The pension and health plan was facing a funding shortfall that Loeb estimated at “over $400 million.” Another source, speaking on background, gave The Hollywood Reporter a $350 million forecast over the next three years. Both figures were an improvement from the plan’s $500 million estimate six months ago but were still substantial.
“We understand how important health and pension benefits are to Hollywood crew members and their families and the risk posed by the projected shortfall in funding those benefits,” the AMPTP said. “We worked diligently with IATSE to resolve the funding crisis and keep these plans financially sound and a vital resource for participants.”
According to Loeb, the studios agreed to a $1-an-hour increase in the health plan contribution rate, which he described as a 20 percent increase over the current rate of $5 per hour. Those contributions, which employers pay in addition to wage, are part of the way the pension and health plans are funded.
In addition, some funding ($0.305 an hour, or 30.5 cents) that employers contribute to one of the retirement plans – the Individual Account Plan – will be reallocated to the health plan. The effect of this on the IAP could not immediately be determined.
Loeb’s statement said that the deal also included a “studio zone” expansion sought by producers, matching changes made by other unions. Certain union terms are lower in the Los Angeles studio zone, which is a 30-mile circle centered at the intersection of Beverly and La Cienega Blvds., plus certain other territory such as the old Columbia and Disney Ranches. The most recent SAG/AFTRA deal, negotiated in fall 2010, added a number of additional outlying areas as well: Agua Dulce, Castaic (including Lake Castaic), Leo Carillo State Beach, Moorpark, Ontario International Airport, Piru and Pomona (including the Los Angeles County Fairgrounds).
Loeb also said “Productions made for home video will be budget based and we agreed to confirm our long standing practice of promoting basic cable TV production in Los Angeles.”
Even with the new premiums, the MPI Health Plan is unusually robust: For instance, under the Blue Shield option, there are no deductibles; low co-pays ($5 a visit in some cases); 100 percent coverage of some doctor visits; 90 percent coverage of hospital visits and a $1,000-per-person annual maximum for out-of-pocket costs. None of the above-the-line union or guild plans is this robust; nor are nonunion health plans generally anywhere near this vigorous.

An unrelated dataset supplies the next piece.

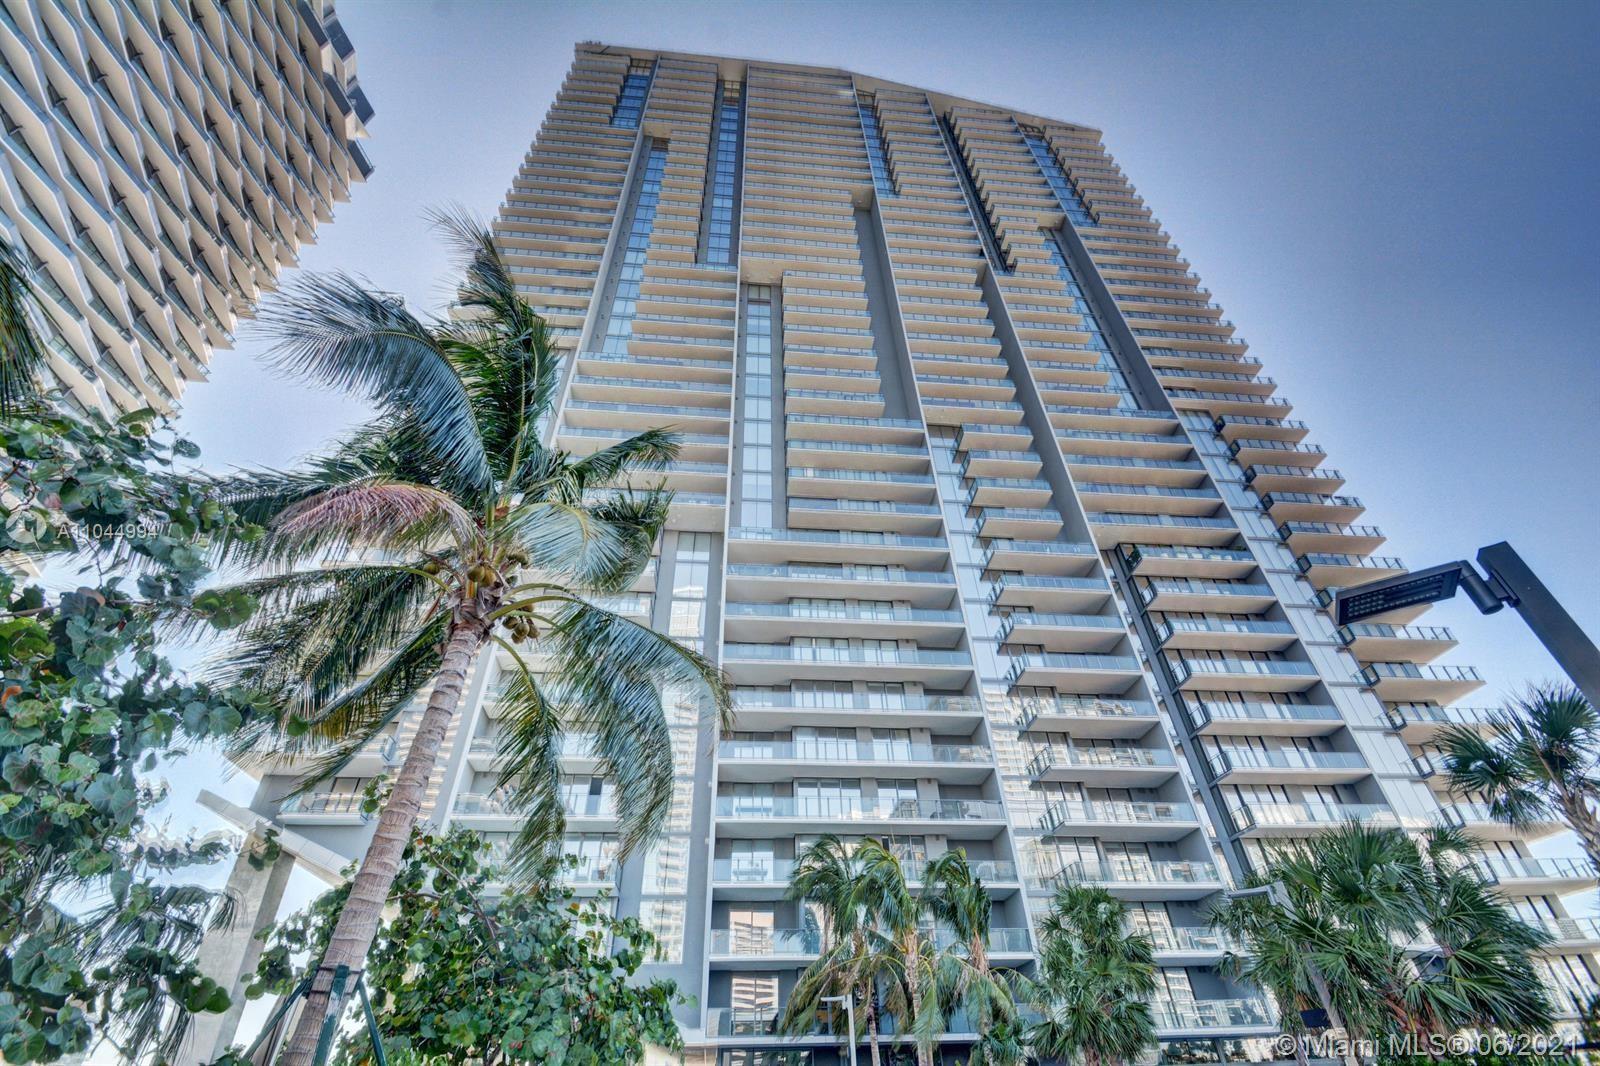 Rise Brickell City Centre #712 - 88 SW 7th St #712, Miami, FL 33130

The plan was even better prior to August 1, 2009. The plan trustees can change these details at any time.
The negotiations began March 7. Further details are expected to be released in the future. The deal will be sent to members for ratification once contract language is drafted. The timetable for that is not known.
Negotiations with the Teamsters and unions representing plumbers, plasterers, electricians and laborers are incomplete and will resume at a date to be determined.